Kerstin Norén, rector of Högskolan Vest (University College West) in Trollhättan, told local newspaper TTELA that the minister's article was retelling old myths, such as that university colleges were the weak link in the higher education landscape, when the real problem might be that resourcing was weak.

"Most important to reach high scientific quality are international contacts. The size of the research institution is of less importance," Norén said.

Kåre Bremer, rector of Stockholm University, reminded readers of his blog that Björklund had often said that seven to 10 Swedish university colleges might have to be closed down unless they merged with a stronger research institution.

"Now several discussions are taking place on potential mergers, most of them still more or less informal. Stockholm University is not involved yet in any such discussions," he said.

Lena Adamson, former secretary-general of the Swedish National Agency for Higher Education and now an expert on quality assurance, teaching and learning and entrepreneurship at the European Institute of Technology, told University World News that concentration and good use of resources was important in any business.

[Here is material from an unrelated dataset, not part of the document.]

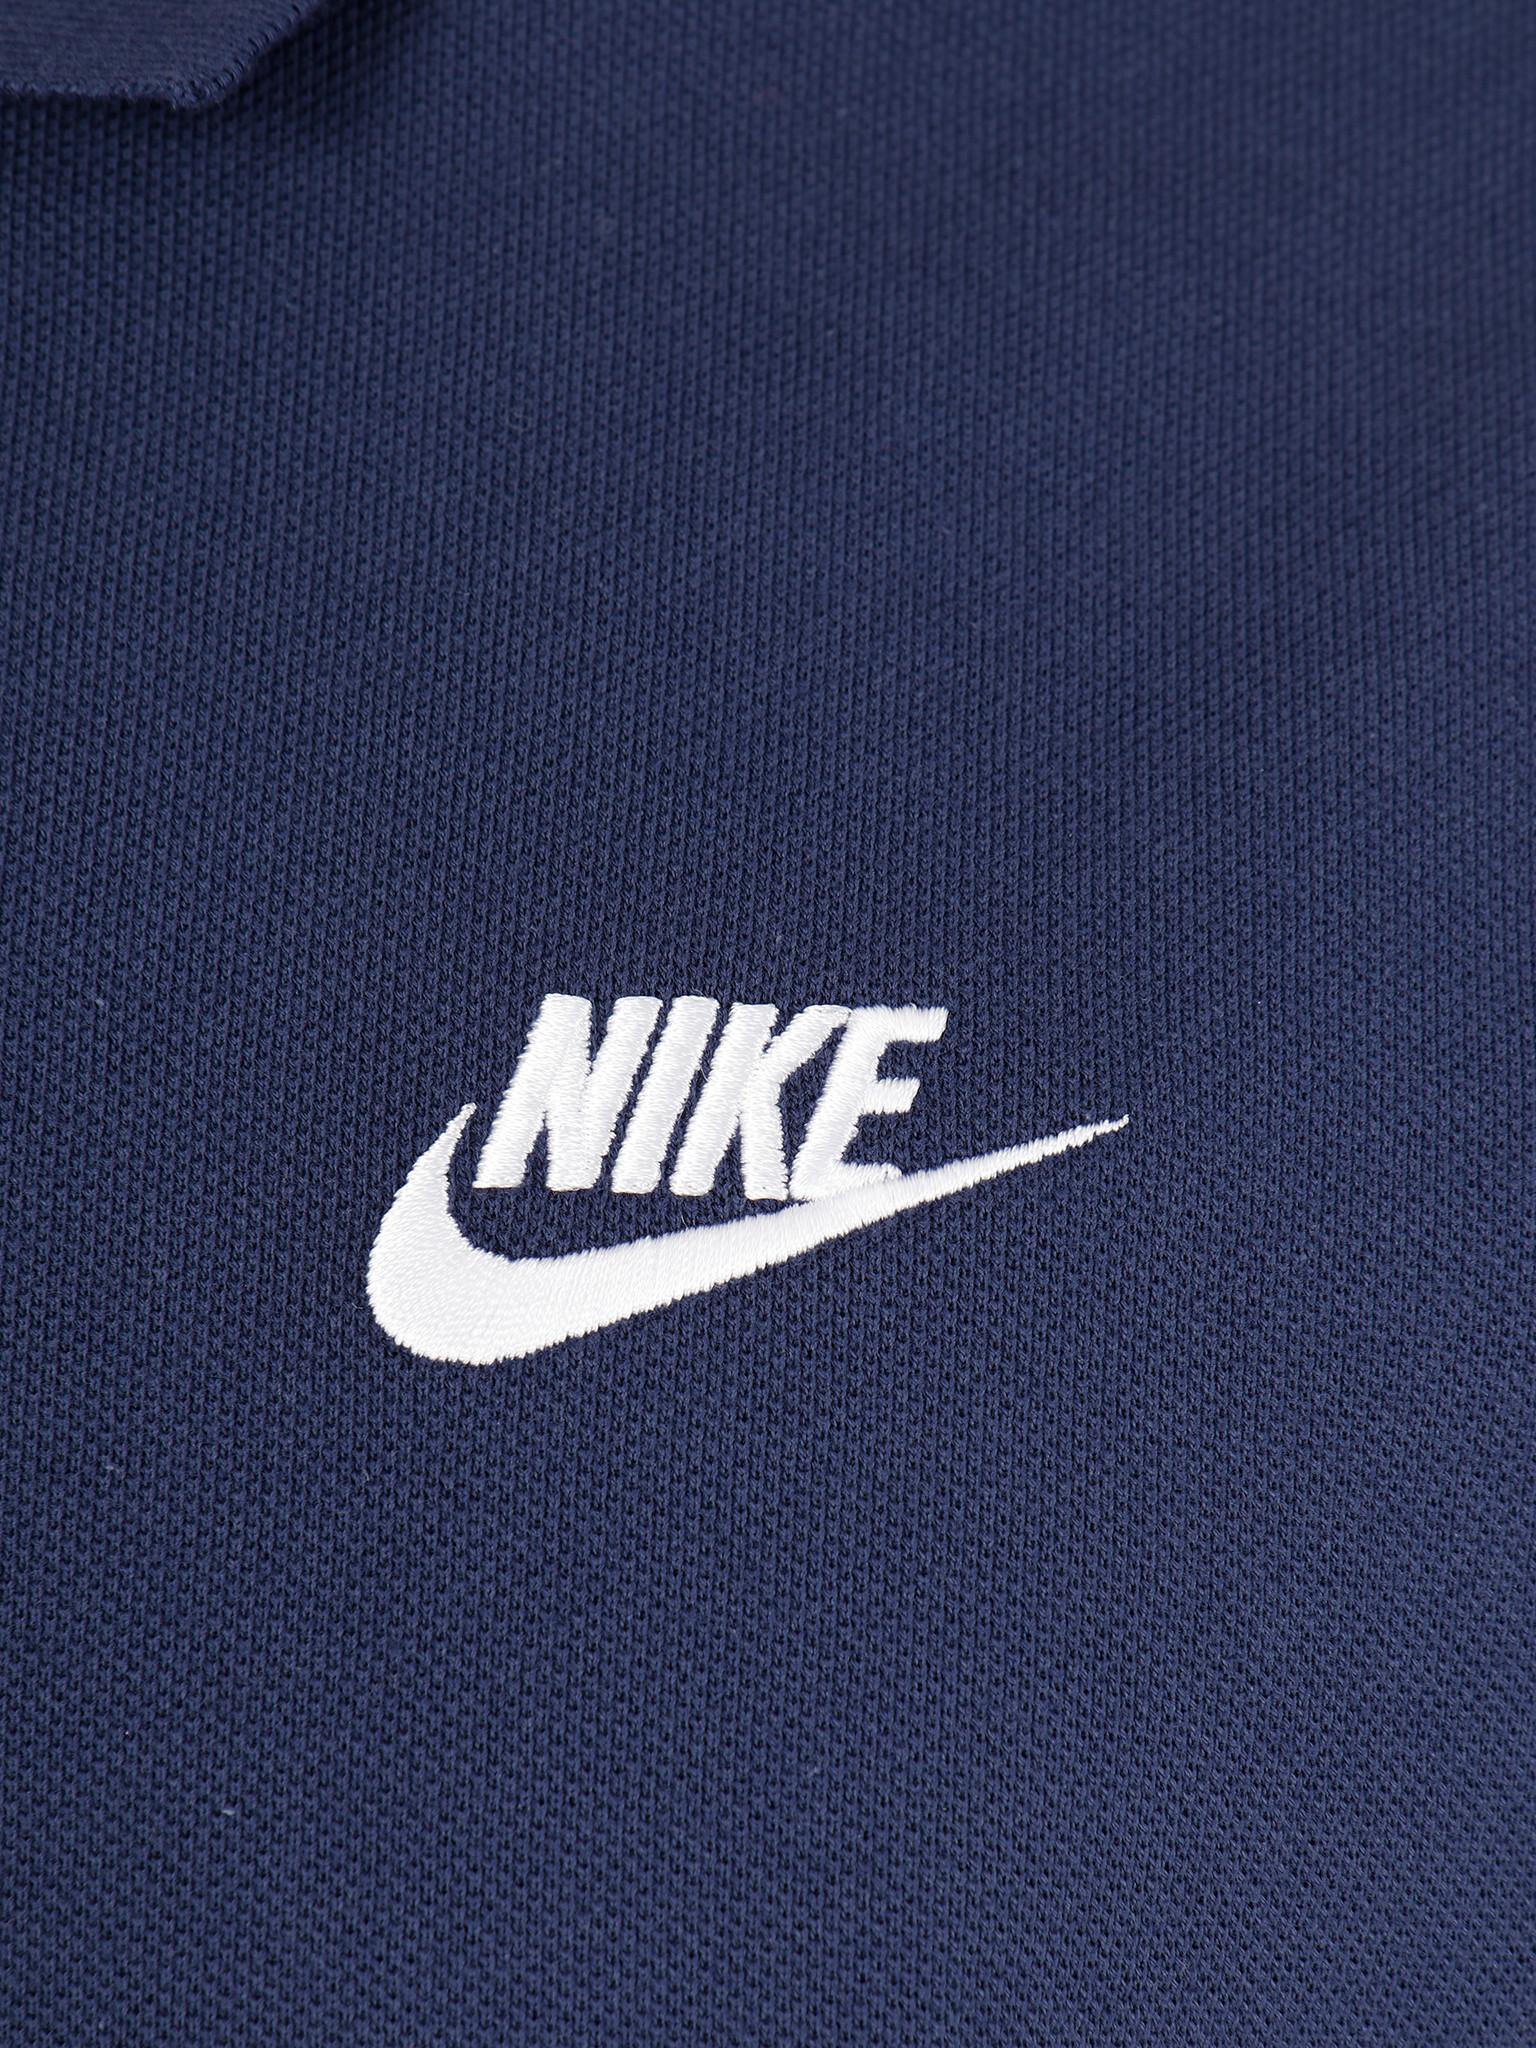 Nike Nike NSW Ce Polo Matchup Pq Midnight Navy White CJ4456-410

But while she agreed with Björklund on the importance of having a "sharp" national quality assurance system, this objective was not being realised.

"Clear quality profiles instead of extensive peer review reports will steer students' choices more effectively than anything else. This will act as an economic driving force for higher education institutions to find their own solutions in improving quality and making good use of their resources," Adamson said.

"When it comes to small institutions collaborating with larger ones, we must not forget that the correlation between size of institution and intense creation of innovations - in the sense of putting good research to use - is not always given. Concentration and good use of resources, yes. But size may not always be the sole dimension to take into consideration here."